1. A structural bearing assembly having a self-aligning support comprising: an elastomeric core support element, an annular reinforcement member surrounding said support element and integrally joined thereto; said member having a plurality of windings of tension resistant material in fibre form embedded in a matrix of an elastomeric material, said reinforcement member extending vertically from the top to the bottom of said support element and with said reinforcement member providing a free standing flexibly resilient support resistant to deformation in the form of lateral expansion.

2. A support according to claim 1 wherein said fibres are moulded in a similar elastomeric material to that of said core.

3. A support according to claim 1 wherein said fibres of said reinforcement member are composed of a material selected from the group of materials consisting of carbon fibres, steel and poly (p-phenyleneterephthalamide).

4. A support according to claim 3 wherein said fibres of said reinforcement member include a spirally wound cord.

5. A support as described in claim 3 wherein said fibres are spirally wound.

6. A support according to claim 1 wherein said reinforcement member includes a spirally wound cord.

7. A support as claimed in claim 1 wherein said elastomeric material of said core support element is a material selected from the group consisting of neoprene, polyethylene and natural rubber.

8. A support as described in claim 7 wherein said matrix of said reinforcement member is of the same material as said core support element.

9. A support as described in claim 1 wherein said tension resistant material is poly (p-phenyleneterephthalamide).

10. A support as described in claim 1 wherein said core support element is rubber.

11. A structural bearing assembly having vertically spaced upper and lower plates and a self-aligning support positioned between and engaging both of said plates, said support having a central core of elastomeric material and an annular reinforcement member surrounding and integrally joined to said central core and engaging both of said plates, said member being an annulus of windings of a tension resistant fibre embedded in an elastomeric matrix capable of torsional twisting and bending about its central axis without any lateral enlargement due to axially imposed loads.

12. A structural bearing assembly as described in claim 11 wherein said support is circular and substantially all of the vertical exterior surface of said support is free standing and without lateral contact whereby said support is capable of limited rotational deflection.

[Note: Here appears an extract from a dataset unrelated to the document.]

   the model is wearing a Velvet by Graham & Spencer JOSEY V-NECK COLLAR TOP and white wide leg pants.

13. A structural bearing assembly as described in claim 12 wherein said core is bonded to said upper plate.

14. A structural bearing assembly as described in claim 12 wherein said upper plate has a shallow recess in its lower face surrounded by a dependent lip, the upper edge of said support being seated in said recess.

15. A structural bearing assembly as described in claim 12 wherein said upper plate extends laterally outwardly beyond said support; a wall spaced from and surrounding both said support and said upper plate forming a restraining ring for limiting lateral movement of said upper plate with respect to said base.

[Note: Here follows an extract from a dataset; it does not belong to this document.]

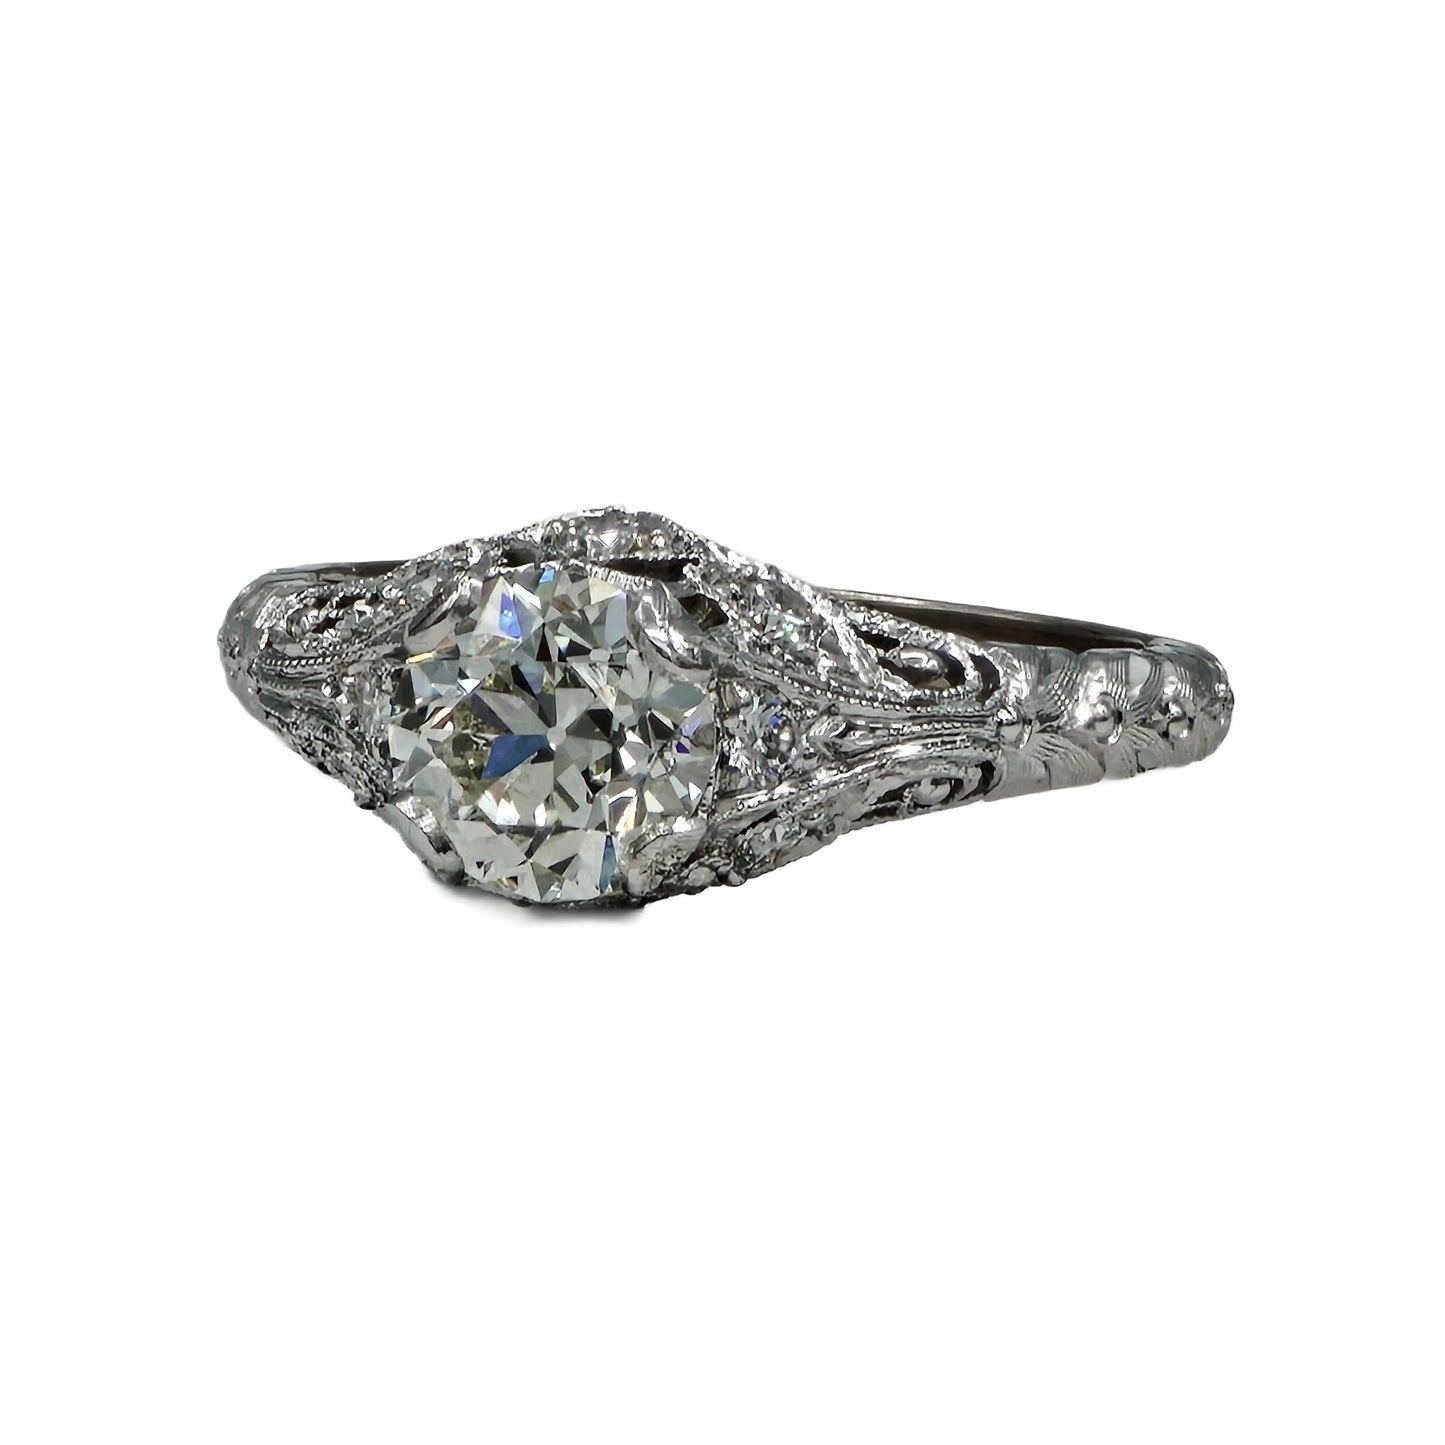 Whitehouse Brothers Diamond Ring

16. A structural bearing assembly as described in claim 12 wherein said elastomeric material of said core is a material selected from the group consisting of neoprene, polyethylene and natural rubber.

17. A stuctural bearing assembly as described in claim 16 wherein the fibres of said reinforcement member are composed of a material selected from the group of materials consisting of carbon fibres, steel and poly (p-phenyleneterephthalamide).

18. A structural bearing assembly including a self aligning support located between an upper plate and a lower plate, said support comprising an elastomeric core of neoprene, said core having an integral outer reinforcing layer, said outer reinforcing layer comprising a spirally wound cord of poly (p-phenyleneterephthalamide) material embedded in an elastomeric material.